La vie normale de la famille s'interrompit brusquement en mai 1940, lorsque
l'armée allemande occupa le pays. Comme beaucoup d'autres Juifs aux Pays-
bas, Otto Frank aménagea une « cachette » pour les siens dans une petite
annexe secrète de l'immeuble il avait ses bureaux. En juillet 1942, ils furent
obligés de s'y réfugier.
Anne notait dans son Journal, à propos de cette décision nécessaire de son père
: « C'était dangereux de se cacher. Les Juifs qu'on découvrait ou qui étaient
trahis partaient aussitôt en camp de concentration, et aider quelqu'un était puni
de mort. » Malgré la protection de voisins non juifs, la famille finit par être
dénoncée à la Gestapo et elle fut arrêtée le 4 août 1944.
Comme plus de 100 000 Juifs hollandais avant eux, la famille Frank fut conduite
au camp de concentration de Westerbork. Un mois plus tard, ils étaient tous
déportés à Auschwitz. Edith Frank mourut en janvier 1945, peu avant la
libération d'Auschwitz. Anne et sa sœur Margot furent renvoyées dans l'ouest de
l'Allemagne, au camp de concentration de Bergen-Belsen. Les deux sœurs
moururent du typhus avant l'arrivée des soldats britanniques qui libérèrent le
camp. Otto Frank survécut à la captivité et finit par revenir à Amsterdam. Des
amis de la famille lui remirent le Journal d'Anne qu'ils avaient préservé.

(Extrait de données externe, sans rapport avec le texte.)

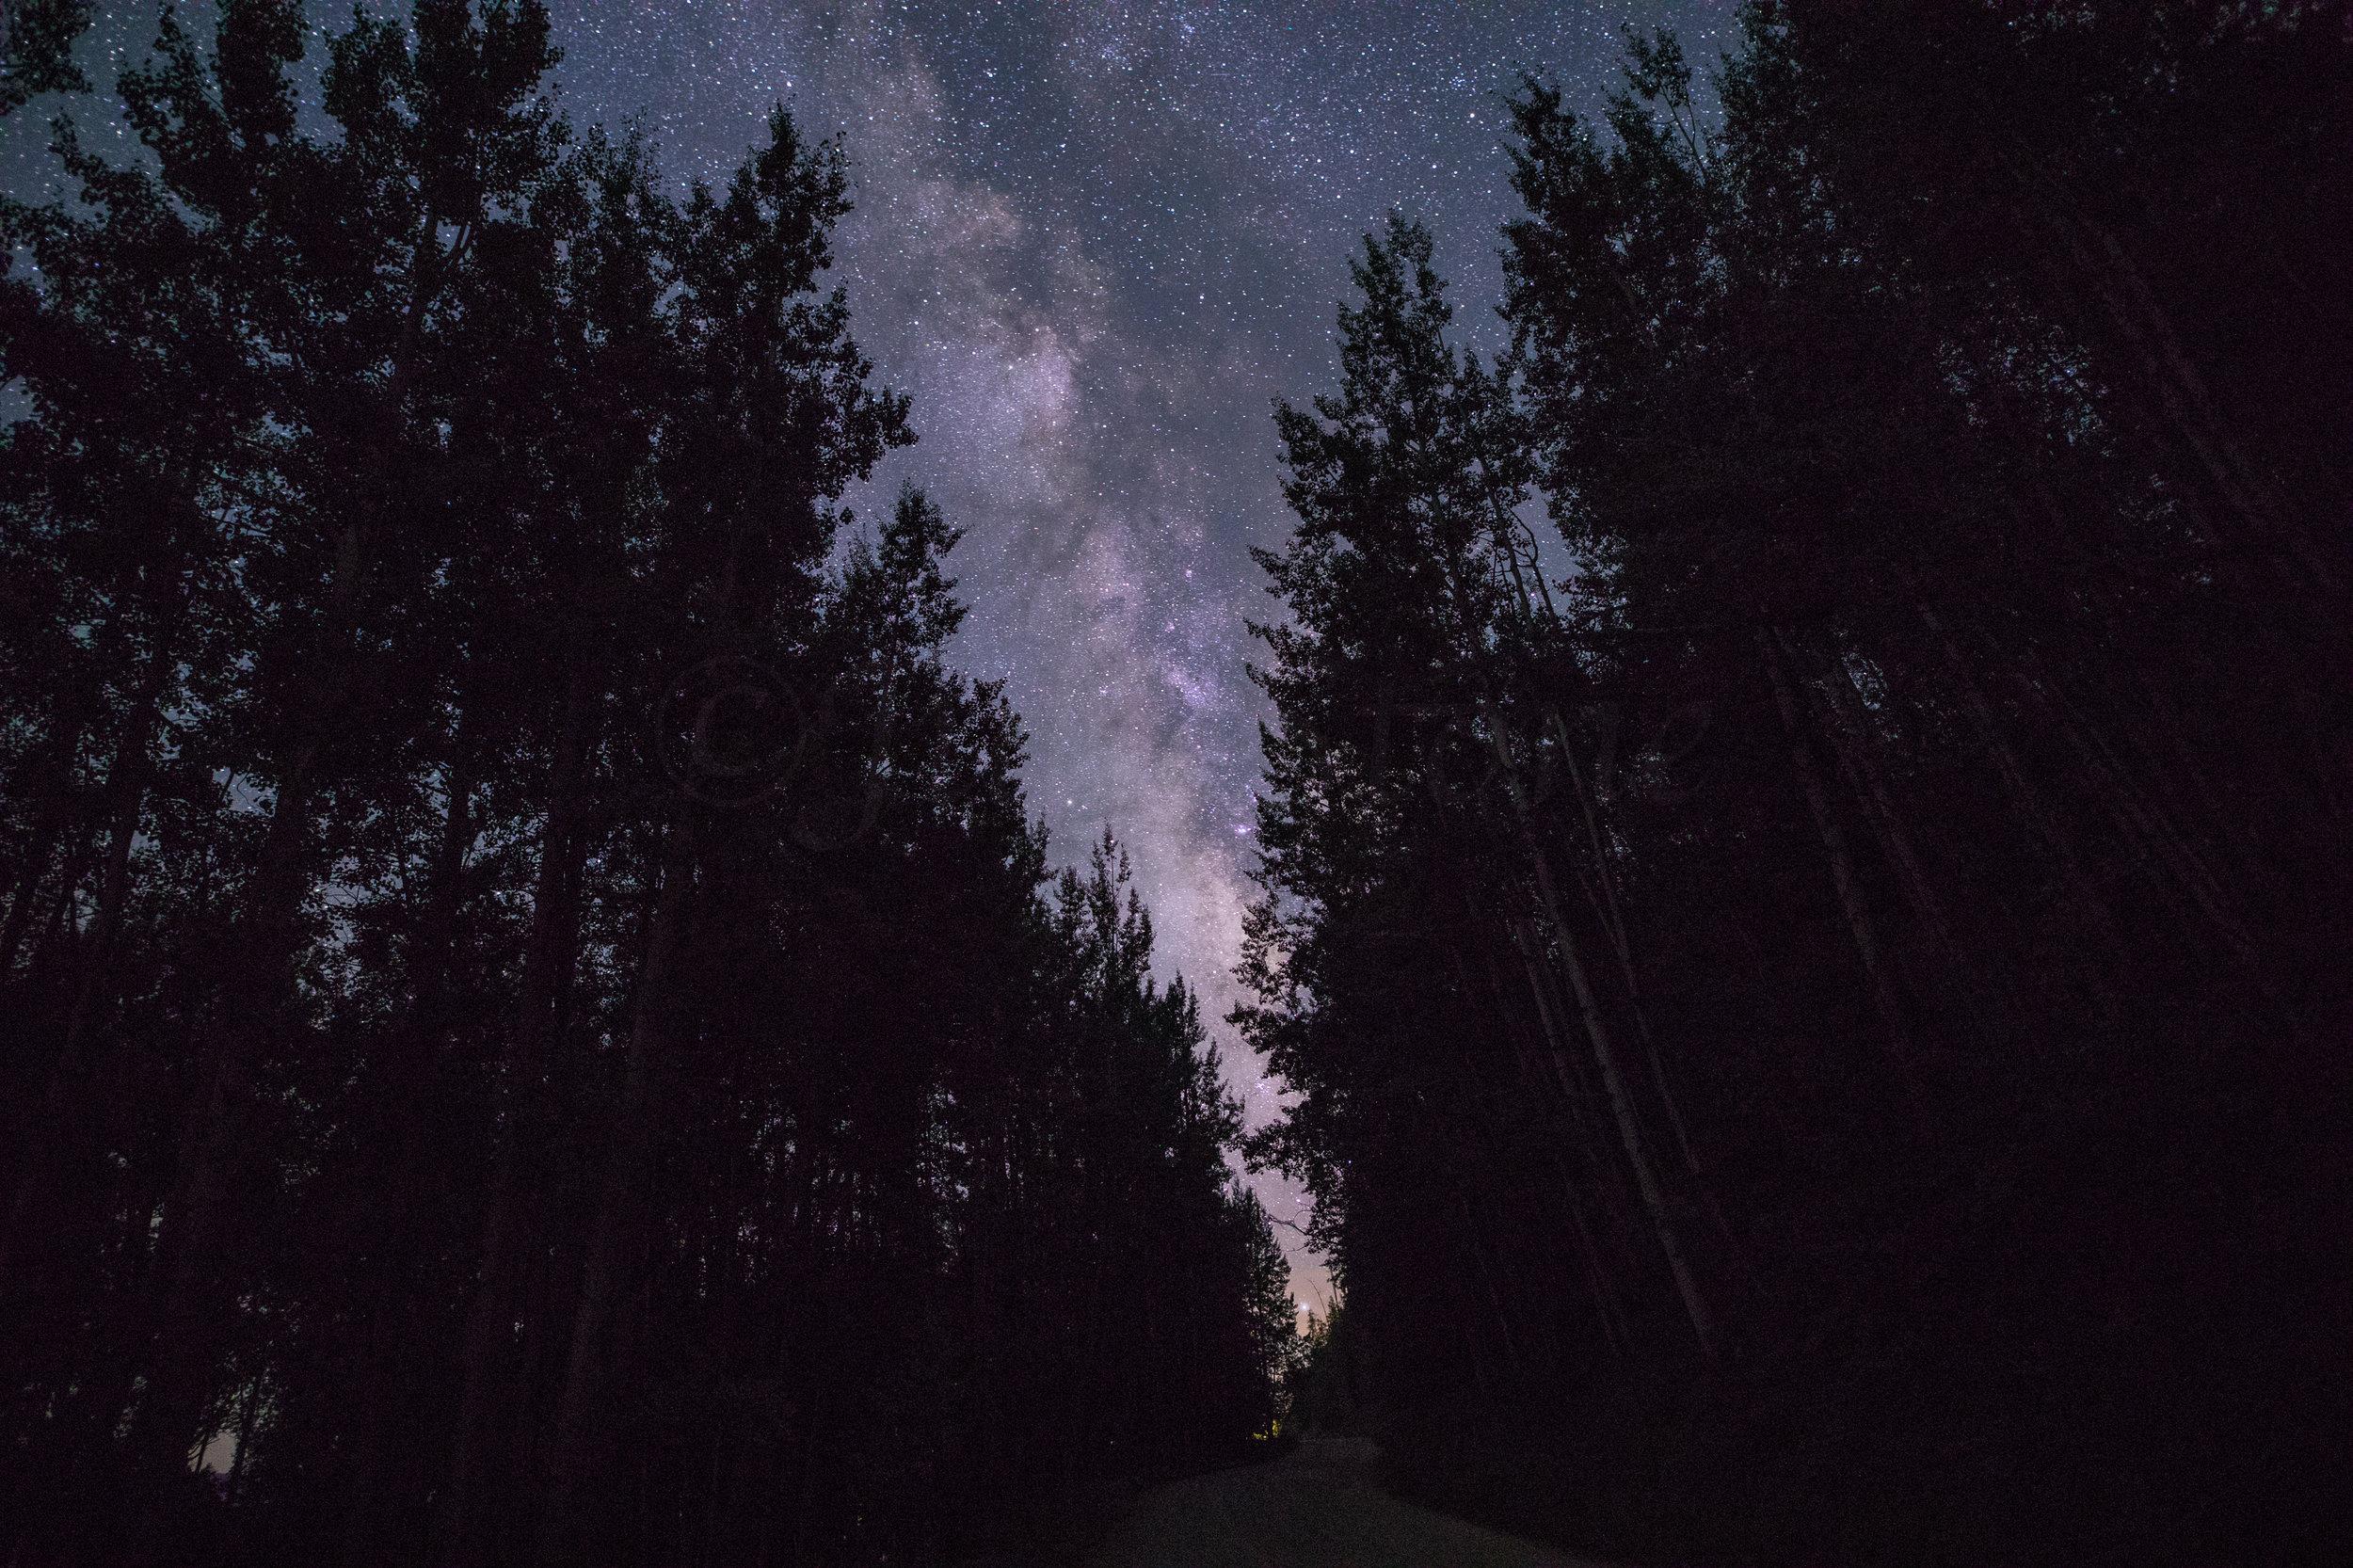 Purgatory Milky Way, Image # 7611

Le "Juif" chassé des écoles
A partir de 1933 les élèves juifs furent systématiquement chassés du système
scolaire allemand. La photo montre deux élèves juifs humiliés pendant un cours
d'idéologie nazie. On lit sur le tableau : « Le Juif est notre plus grand ennemi.
fiez-vous des Juifs. »
Des élèves juives ont raconté les effets de l'introduction de l'idéologie nazie dans
leur école pendant les années 1930. Pour la jeune Hilma Geffen-Ludomer, seule
enfant juive de la banlieue berlinoise de Rangsdorf, la loi sur le numérus clausus
dans les écoles allemandes se traduisit par un changement de vie complet.
«L’atmosphère sympathique de bon voisinage» se dissipa «brusquement
[...]. Soudain, je n'eus plus d'amis du tout. Je n'eus plus d'amies filles et
beaucoup de voisins craignirent de nous parler. Certains de ceux que nous
allions voir me dirent : " Ne viens plus parce que j'ai peur. Nous ne devons plus
avoir de contact avec les Juifs."» Lore Gang-Salheimer, âgée de onze ans en
1933 et résidant à Nuremberg, fut autorisée à rester dans son école parce que
son père s'était battu à Verdun pendant la guerre. Néanmoins « des enfants non
juifs commencèrent à me dire : "Je ne peux plus rentrer de l'école avec toi : on
ne doit plus me voir avec toi." »
« Chaque jour qui passait sous le régime nazi, écrivait Martha Appel, l'abîme
entre nos voisins et nous s'élargissait. Des amis avec qui nous avions entretenu
des relations chaleureuses ne nous connaissaient plus. Soudain nous
découvrîmes que nous étions différents. »
Extrait de Dites-le à vos enfants, p. 48, op.cité dans la bibliographie
Une salle de classe polonaise
Cecylia Przylucka, une jeune polonaise, se souvient de ses camarades de classe
et évoque leur sort. « Prenez une loupe pour regarder les enfants sur la photo.
Ce sont des enfants de la ville de Kozowo en Podolie, de la classe de 5e A,
heureux parce que les vacances vont commencer. »
La première fois que je suis allée à l'école, mon père demanda qu’on me mette à
côté des enfants juifs. Il ne cessait de répéter : « Les Juifs sont un peuple sage :
on devrait toujours tenir compte de leurs conseils ».
« C’est peut-être pourquoi je devins si proche d’eux. Mes préférées étaient Rosa
et Klara, assises au milieu de la classe. Roza était sérieuse. Elle étai coiffée la
plupart du temps avec des nattes ramenées par des rubans en macaron sur les
oreilles. C’était la meilleure en mathématiques et elle aidait les autres élèves.